Публичное избиение не только

солдат и казаков, что принято было и в семеновских частях, но офицеров до полковников включительно, стало единственным прецедентом такого рода за все годы Гражданской войны. Унгерн любил оправдывать свою жестокость ссылкой на “обычаи Востока”, но здесь это объяснение не срабатывало: у монголов со времен Чингисхана старший нойон мог приговорить младшего к смерти, но не унизить его физическим наказанием.

По Князеву, Унгерн бил ташуром “в минуты высшего напряжения своей начальнической энергии или же почти отчаяния, что никто его не понимает, никто не проявляет должной жертвенности, и видя вокруг себя только шкурный интерес”. Это комплиментарное оправдание привычки разбивать головы подчиненным не стоит принимать всерьез. Поплатиться можно было за пустяковую оплошность. Хитун, например, пострадал за то, что, имея Унгерна пассажиром, слишком близко подъехал на автомобиле к предназначенному для дивизии табуну и напугал лошадей ревом мотора. Подлинными причинами той легкости, с какой Унгерн пускал в ход свой ташур, были обостренная постоянным нервным напряжением психическая неуравновешенность и отношение к своим офицерам и всадникам как к “сброду”, который другого языка попросту не понимает. Впрочем, если при угрозе получить ташуром по голове кто-то из офицеров хватался за револьвер, Унгерн отступал и в дальнейшем с уважением относился к таким смельчакам [149] .

149

Таких случаев было немного, по Князеву – два-три. Имена храбрецов неизвестны; Макеев хвалился, будто одним из них был он сам.
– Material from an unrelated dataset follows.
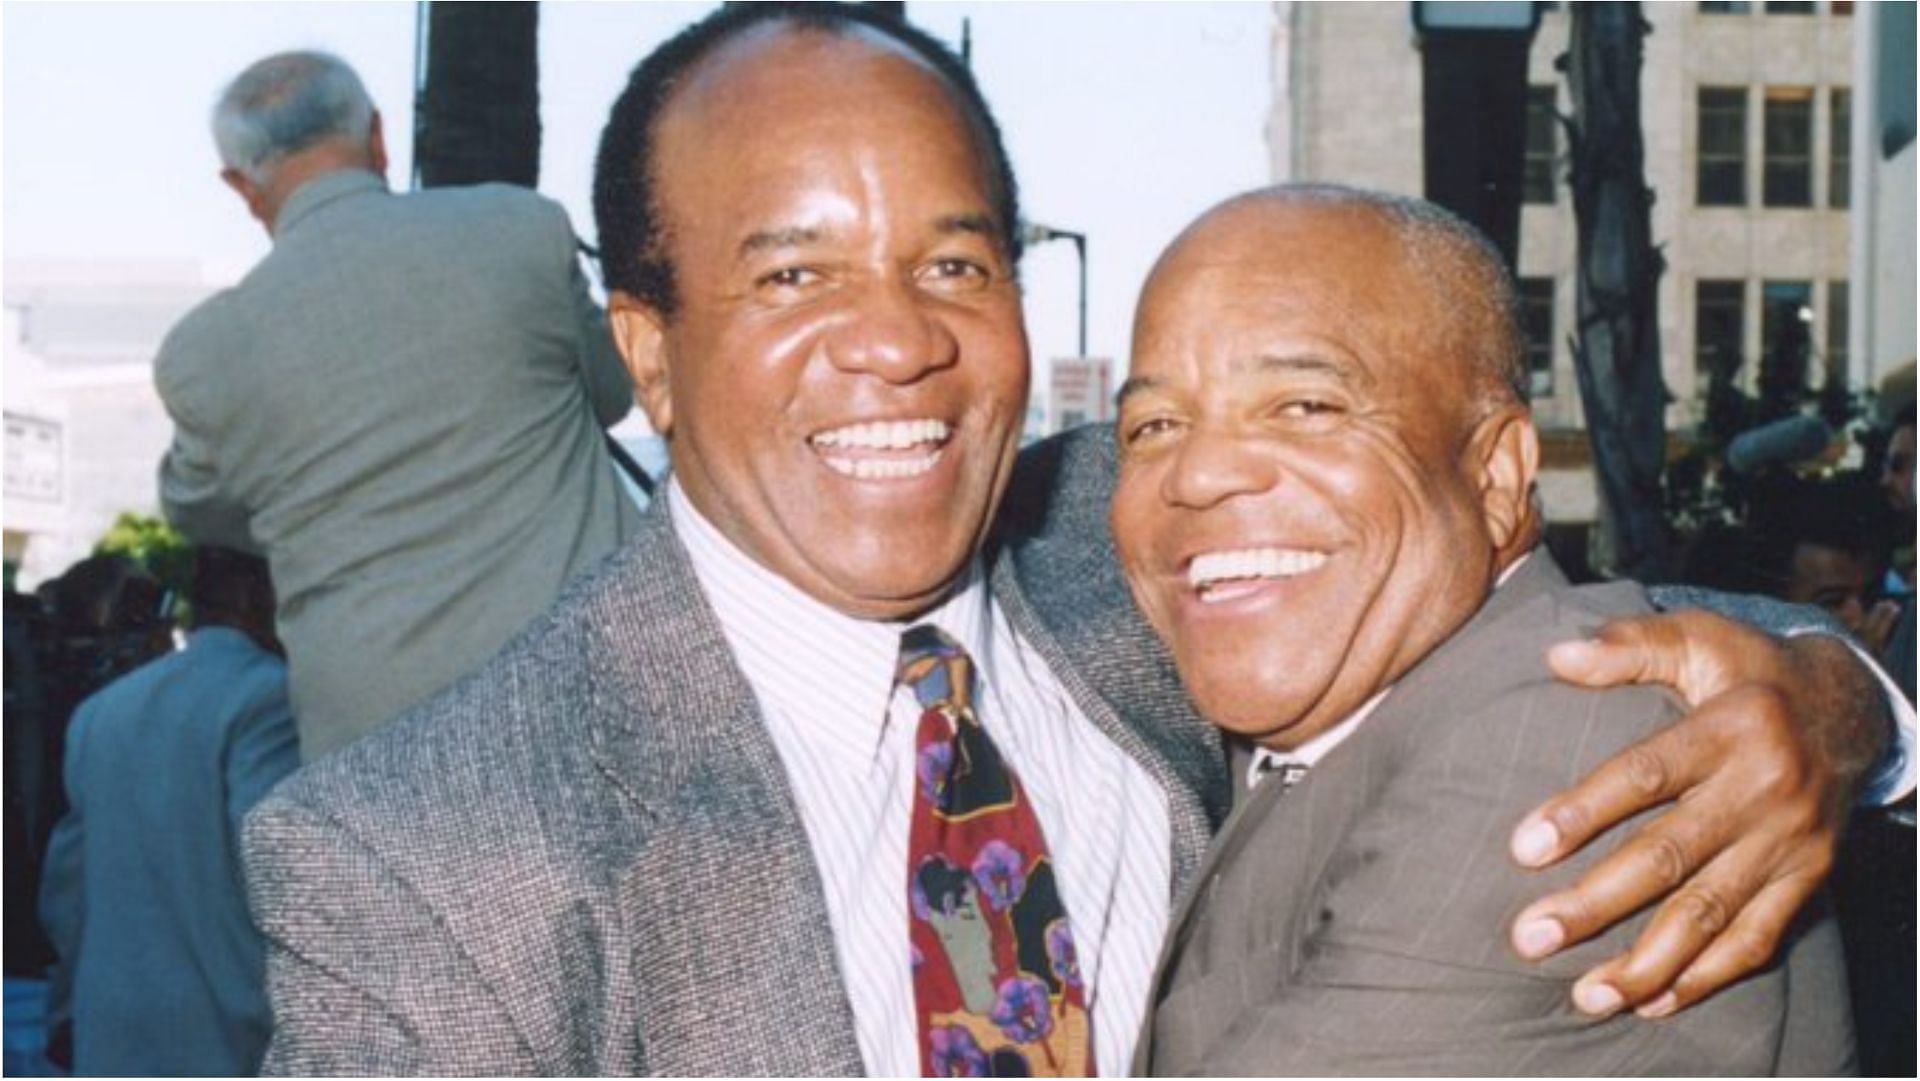 Berry Gordy paid tribute to his younger brother Robert, who died at the age of 91 (Image via PrincewillEgim/Twitter)

В беседе с Тизенгаузеном, как ее передает Голубев, он говорил, что в его окружении “одни – жулики, другие – пьяницы, третьи – развратники, четвертые – уголовные преступники, пятые – вздорные люди или просто дураки”, и “моральная чистота им не знакома”. Барон уверял собеседника, что “всей душой” ждет того момента, когда на русской территории сможет “пополнить дивизию элементом чистых светлых людей”, а из нынешних ее бойцов не оставить ни одного человека, ибо они годятся лишь в качестве “тарана для разрушения”. Предполагалось, что для управления этими новыми “светлыми людьми” ташур уже не понадобится.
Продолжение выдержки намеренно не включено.